Wenn man nicht will, daß andere Leute wissen, wie mein WLAN heißt und welche MAC meine geräte haben, darf ich das auch nicht herausposaunen und sollte dann einfach meinen AP abschalten.

In
http://mp4-download.swr3.de/latenight/sonstiges/20100421/facebook_trifft_realitaet.m.mp4 ist sehr schön bildlich dargestellt, was die Leute im Prinzip mit Ihren Daten anstellen.

Datenbanken mit WLANs gibt es, wie die meisten von uns wissen, ja schon länger und die Bösen(TM) haben diese schon früher genutzt als Apple mit Ihrem iPhone.

Vieles kommt auch daher, daß die Leute auch abenteuerliche Vorstellungen haben, was google kann und was nicht (siehe z.B. das heise-Forum zu dem Thema). Da glauben die Leute z.B. doch tatsächlich, daß google die MAC Ihres Routers mitbekommt, wenn die sich beim Provider einwählen. Keine Frage, wenn google in google-analytics entsprechende Skripten/Add-Ons einbauen würde, die per arp die lokalen MACs ausspähen, könnten die das schon, aber das wäre deutlich auffälliger.

Natürlich kann man mit einer genügend großen Datenbank von WLANs und MAC Adressen auch Blödsinn anstellen, aber dazu benötigt man google nicht. Von daher ist das alles nur künstliche Aufregung, im Gegensatz zu der Diskussion um Streetview, bei dem man genau abwägen muß, wie weit man die persönlichen Freiheiten beschränken darf.


Mach doch ein Bildchen aus Deinem Impressum — oder verlaß Deutschland. Ein Bildchen wirkt besser als robots.txt.

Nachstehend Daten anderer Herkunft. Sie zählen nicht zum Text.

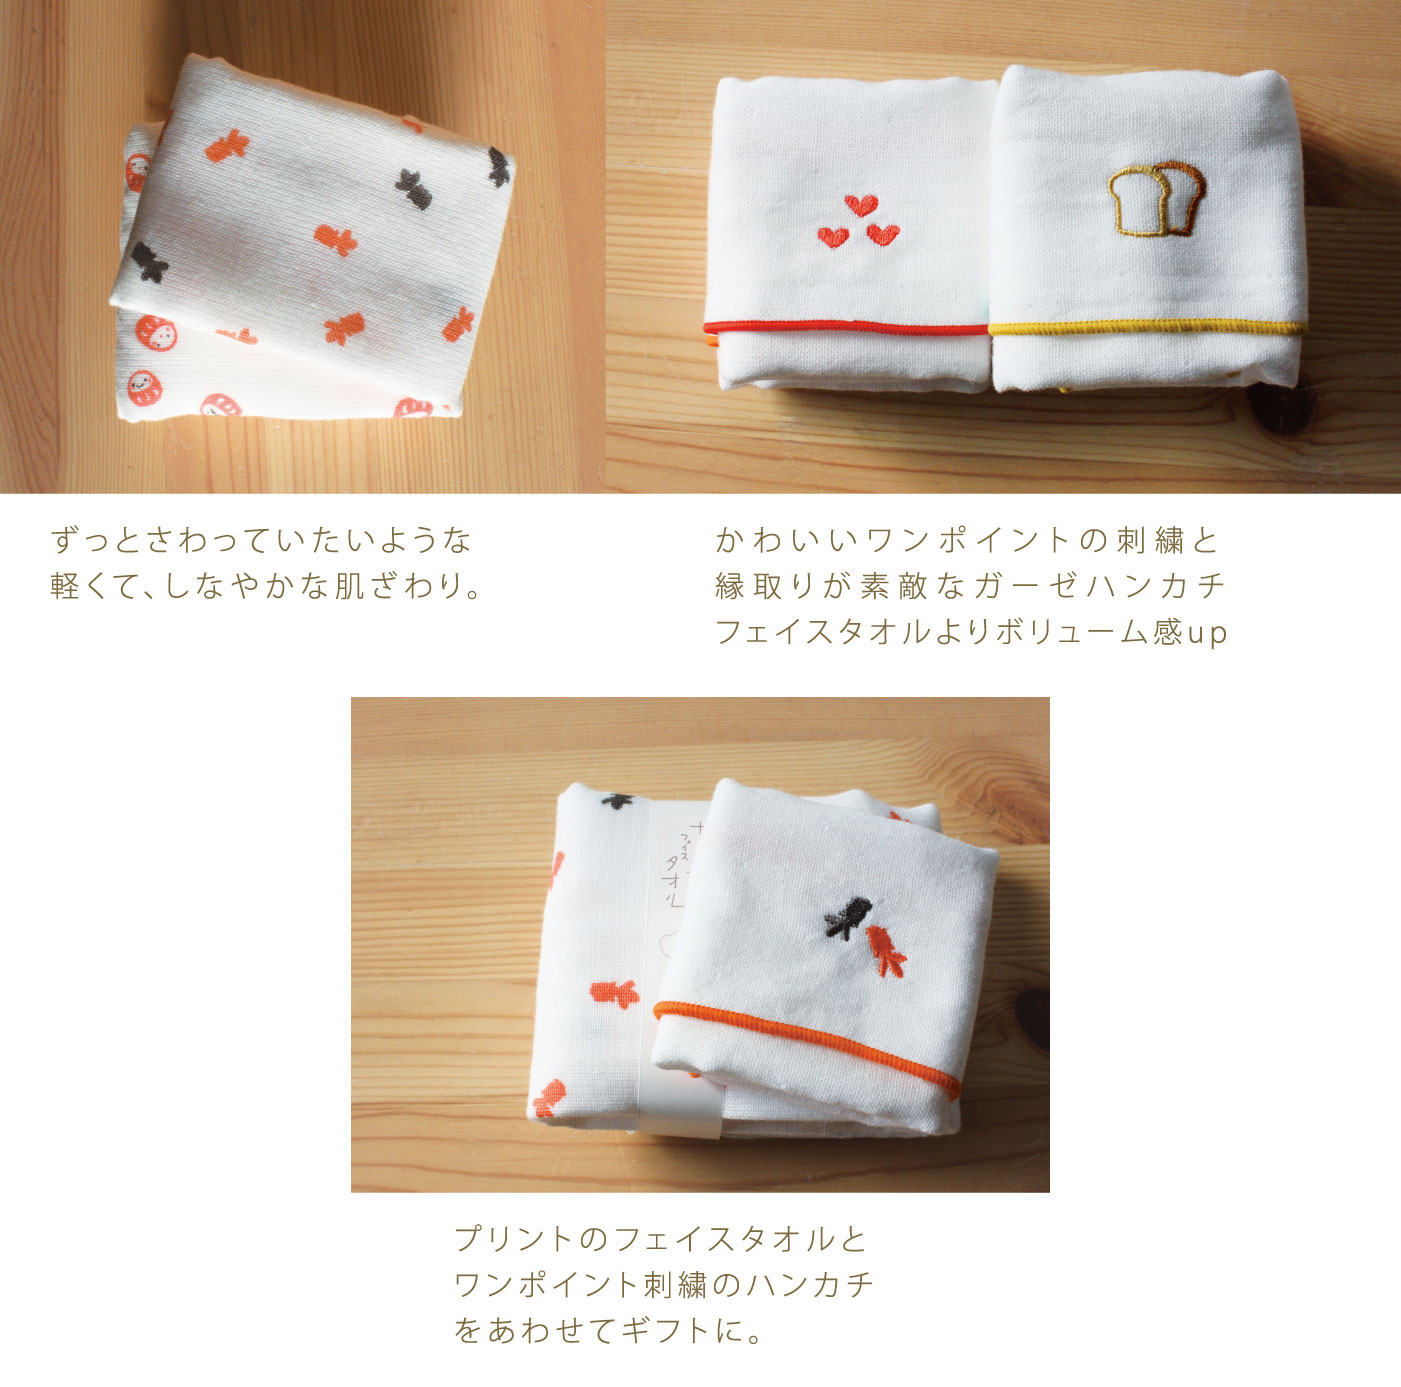 ご紹介します！日本製！さらっとしなやかな肌触りのガーゼのタオル！刺繍ハンカチ】スプーンとフォーク 和雑貨卸問屋

Wer etwas veröffentlicht muß damit leben, daß es öffentlich ist. Genauso könnte man sich über archive.org aufregen. Über das Internet wollen heute Leute entscheiden, die gestern noch Stolperschutz für WLAN-Kabel forderten — das ist das Problem. Es ist auch ein ideologisches Problem, das sich einfach mit Freiheit oder keine Freiheit benennen läßt. Auch an der Panoramafreiheit sieht man das. Es gibt nur eine einzige klare Entscheidung, die für die Freiheit. Dann muß man eben alle Sauereien aushalten. Der andere Fall ist wesentlich schlimmer.